Bug: Panics on user input. The caller cannot recover gracefully; the entire program may crash on a typo.

Fix: return an error.

func ParseAge(s string) (int, error) {
    n, err := strconv.Atoi(s)
    if err != nil {
        return 0, fmt.Errorf("parse age: %w", err)
    }
    return n, nil
}


Bug 13 — Comparing errors by message

if err.Error() == "file not found" {
    // ...
}

Bug: Brittle — depends on exact string. Breaks on locale, version changes, or wrapping.

Fix: use errors.Is with a sentinel:

if errors.Is(err, fs.ErrNotExist) { /* ... */ }


Bug 14 — Goroutine error lost

go func() {
    if err := work(); err != nil {
        // BUG: where does this go?
    }
}()

Bug: The goroutine cannot return an error to the caller. Without a channel, errgroup, or shared state, the error is silently lost.

Fix:

errCh := make(chan error, 1)
go func() {
    errCh <- work()
}()
// later
if err := <-errCh; err != nil { /* handle */ }

Or use errgroup.


Bug 15 — Naked return shadowing err

func Load(path string) (cfg *Config, err error) {
    data, err := os.ReadFile(path)
    if err != nil {
        return
    }
    if err := json.Unmarshal(data, &cfg); err != nil {  // BUG: shadowing
        return
    }
    return
}

Bug: The inner err shadows the named return err. The outer err is never set; the function returns cfg=nil, err=nil even on Unmarshal failure.

Fix: use =, not :=:

if err = json.Unmarshal(data, &cfg); err != nil {
    return
}

Or even better, name your inner check distinctly:

if jerr := json.Unmarshal(data, &cfg); jerr != nil {
    return nil, fmt.Errorf("parse: %w", jerr)
}


Bug 16 — Returning a generic error

func openOrConnect(path string) error {
    if _, err := os.Stat(path); err == nil {
        return openLocal(path)
    }
    return errors.New("error")  // BUG: useless
}

Bug: The error message says nothing.
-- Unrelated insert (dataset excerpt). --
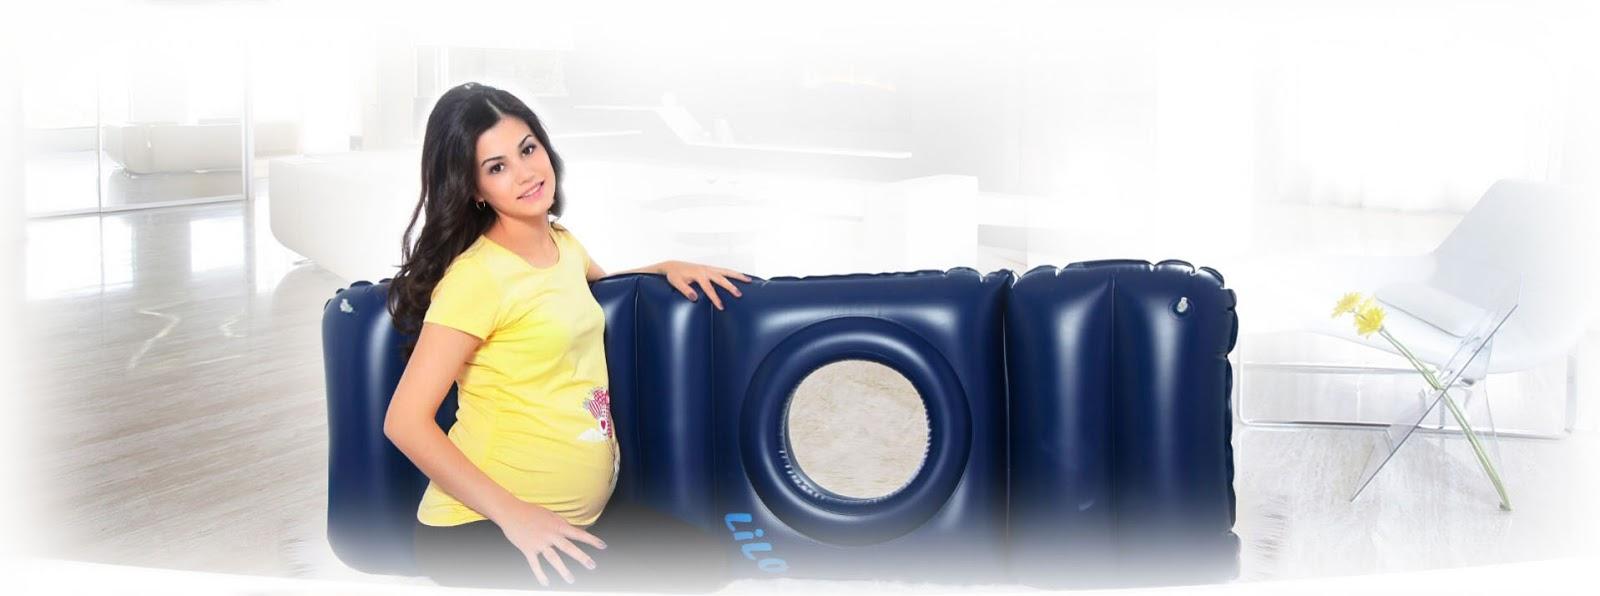 Матрасы для беременных с дыркой для живота цена 60

The caller cannot understand what failed.

Fix: include context, and prefer wrapping any underlying cause:

return fmt.Errorf("open %q: file does not exist", path)


Bug 17 — Releasing the wrong resource

mu.Lock()
defer mu.Unlock()
data, err := fetch()
if err != nil {
    mu.Unlock()  // BUG: double-unlock at return
    return err
}
return process(data)

Bug: defer mu.Unlock() already handles all paths. Manual Unlock plus the deferred one means a double unlock — usually a panic.

Fix: remove the manual call.


Bug 18 — Multi-return ignored partially

io.WriteString(os.Stdout, "hello\n")

Bug: Both returns ignored, including the error. If stdout is closed/redirected to a broken pipe, this silently fails. Linters like errcheck will warn.

Fix: _, _ = io.WriteString(os.Stdout, "hello\n") to mark the choice as deliberate, or check the error if it matters.